Все. Рыба и Наиль кланяются. Шум. Гам. Тарарам.

Я поправляю каскетку и достаю из широких штанин медиатор «Гибсон». Мягковат для баса, но три минуты продержаться хватит. Я перекидываю ремень через плечо, радуясь тяжелой плоскости басевича, и врубаю датчик, а Джордж заливается:

– Они не встречались на сцене пятнадцать лет. Они создавали питерский рок еще в волосатые времена! Александр… Вот он. – Джордж тянет меня за руку к микрофону, я говорю в микрофон реверберирующее: «Привет», а люди одобрительно гикают. – Александр Лисицин и… и… – в свежей рубахе и гитарой наперевес возникает Никита, – Никита Шелест и группа «ВОЗРОЖДЕНИЕ»!

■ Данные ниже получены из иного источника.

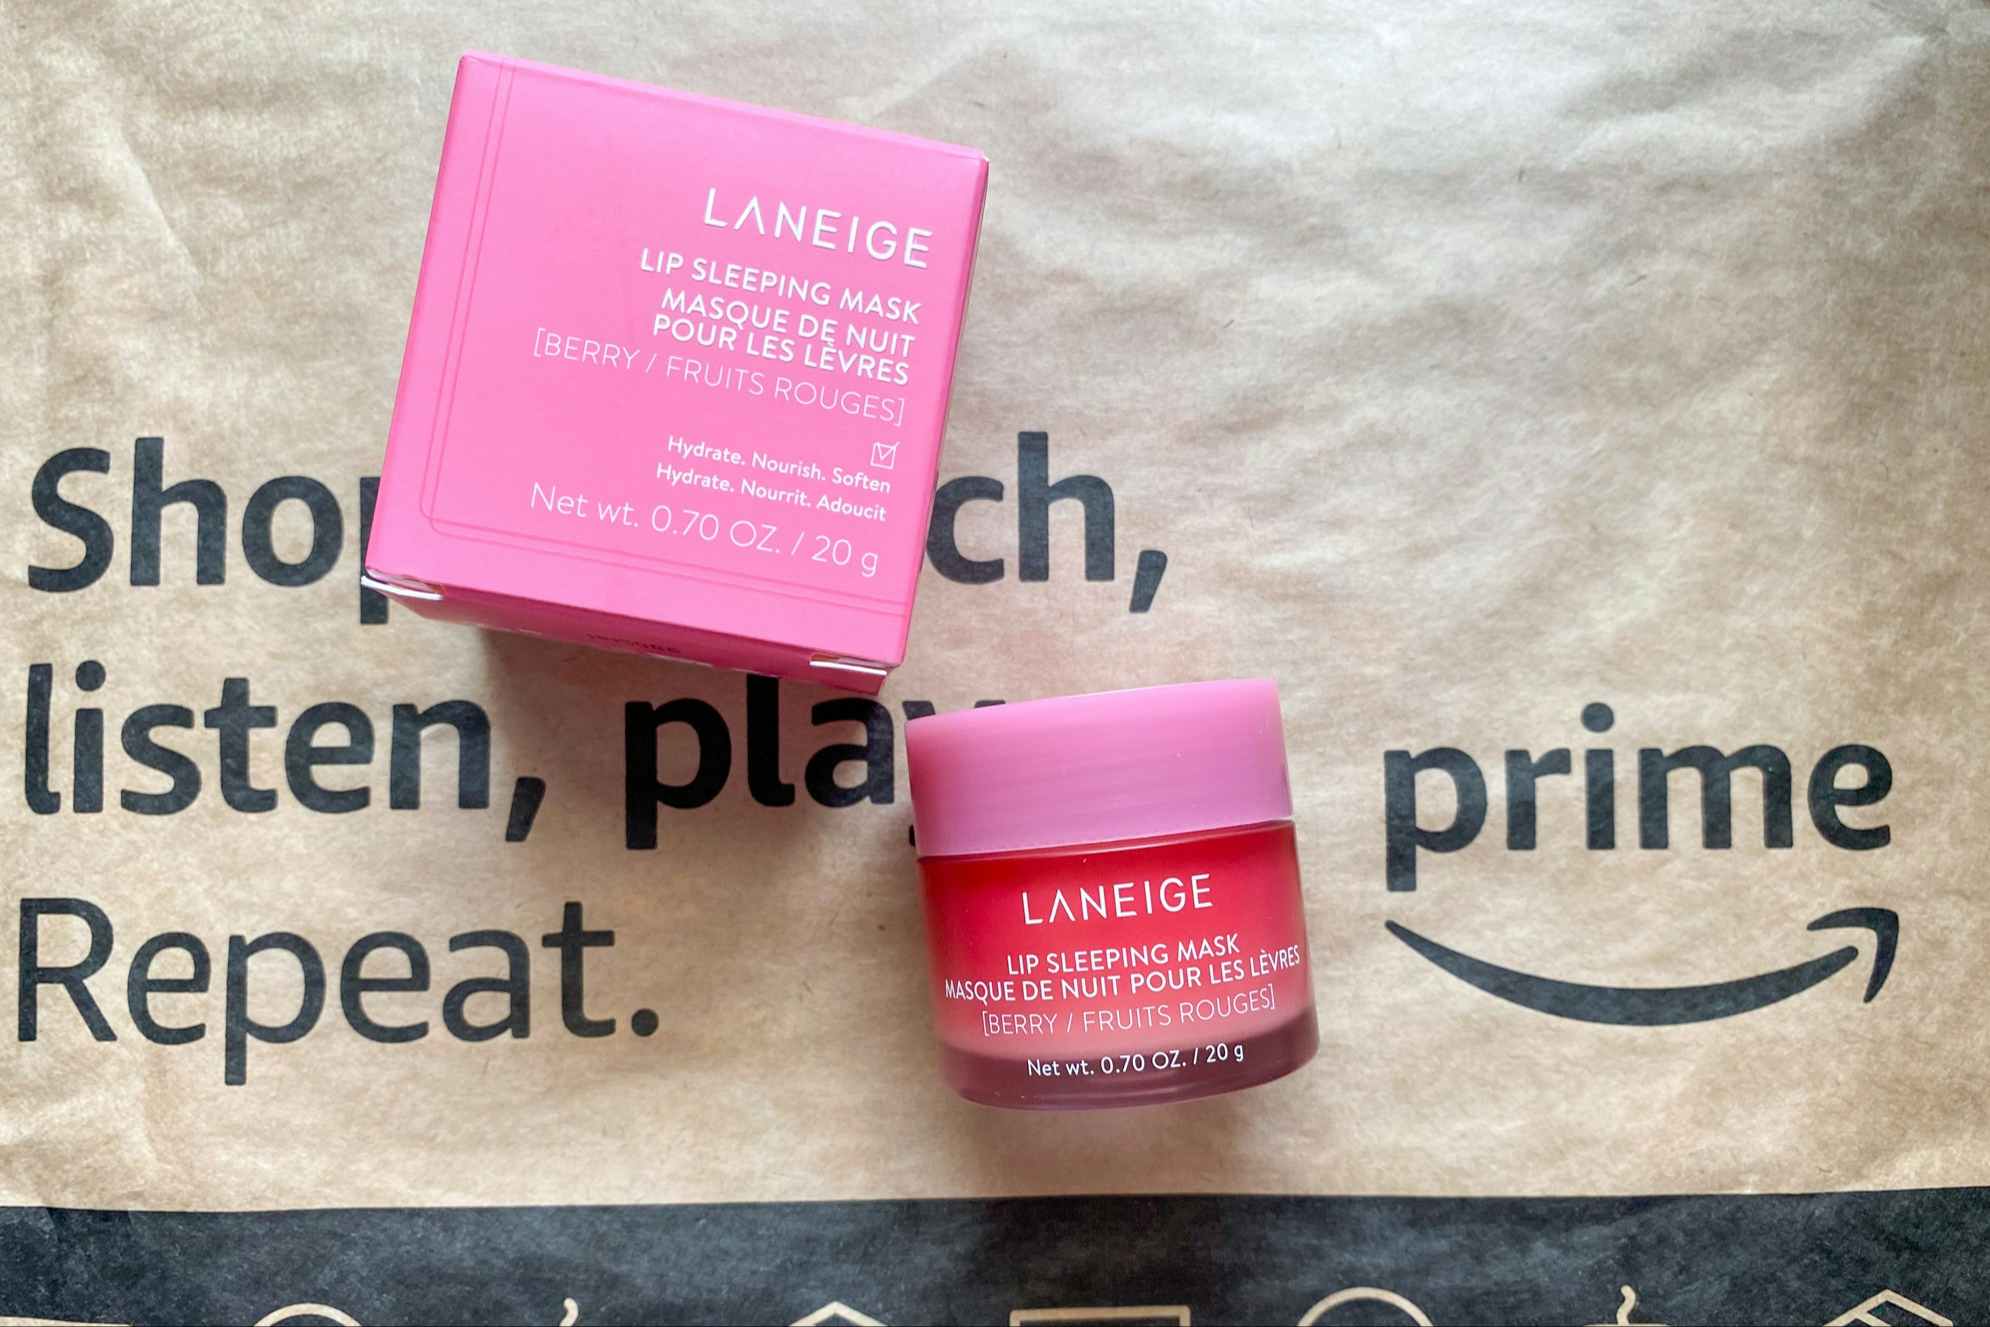 Laneige's Bestsellers, Now as Low as $12.83 on Amazon

Никита перебирает струны. Перед сценой и на трибунах зажигают свечи и зажигалки. Свет меркнет. Первую минуту мне даже не играть, стоять просто. Из мониторов поет чуть искаженный Никита:

 
Мои мечты что пыль с дороги.
Кто хочет топчет мои трево-о-ги.
Кто хочет топчет мои трево-о-ги.
Мои мечты в друзьях немно-о-гих.
 

Со второго куплета беру по аккордам первые четверти. Проще пареного банана. Доценко долбит бочкой. Мурзик мурзычет на «Ямахе». Я отбрасываю медиатор. Мягкий, черт. А пальцы твердые пока. Три минуты выдержат. Огоньков перед сценой все больше. Жлобы, кажется, не орут глупости. В припеве всей кодлой, словно гвозди заколачиваем, и девчонки в хоре:

 
Знаю – лучшие годы еще впереди-и-и!
Знаю – лучшие годы еще впереди-и-и!
 

Опять ре, ля, ми минор, соль, ля, потише все, тише, хор отлетает.

Никитин любимый хрип:

 
Слова давно спеты – остались эмоции.
Холодное лето лицо свое мо-орщит.
И падают ливни на пыль у дороги,
Смывая следы от друзей тех немно-о-огих…
 

Снова гвозди заколачиваем. Передо мной оператор вальсирует с камерой, как с фаустпатроном.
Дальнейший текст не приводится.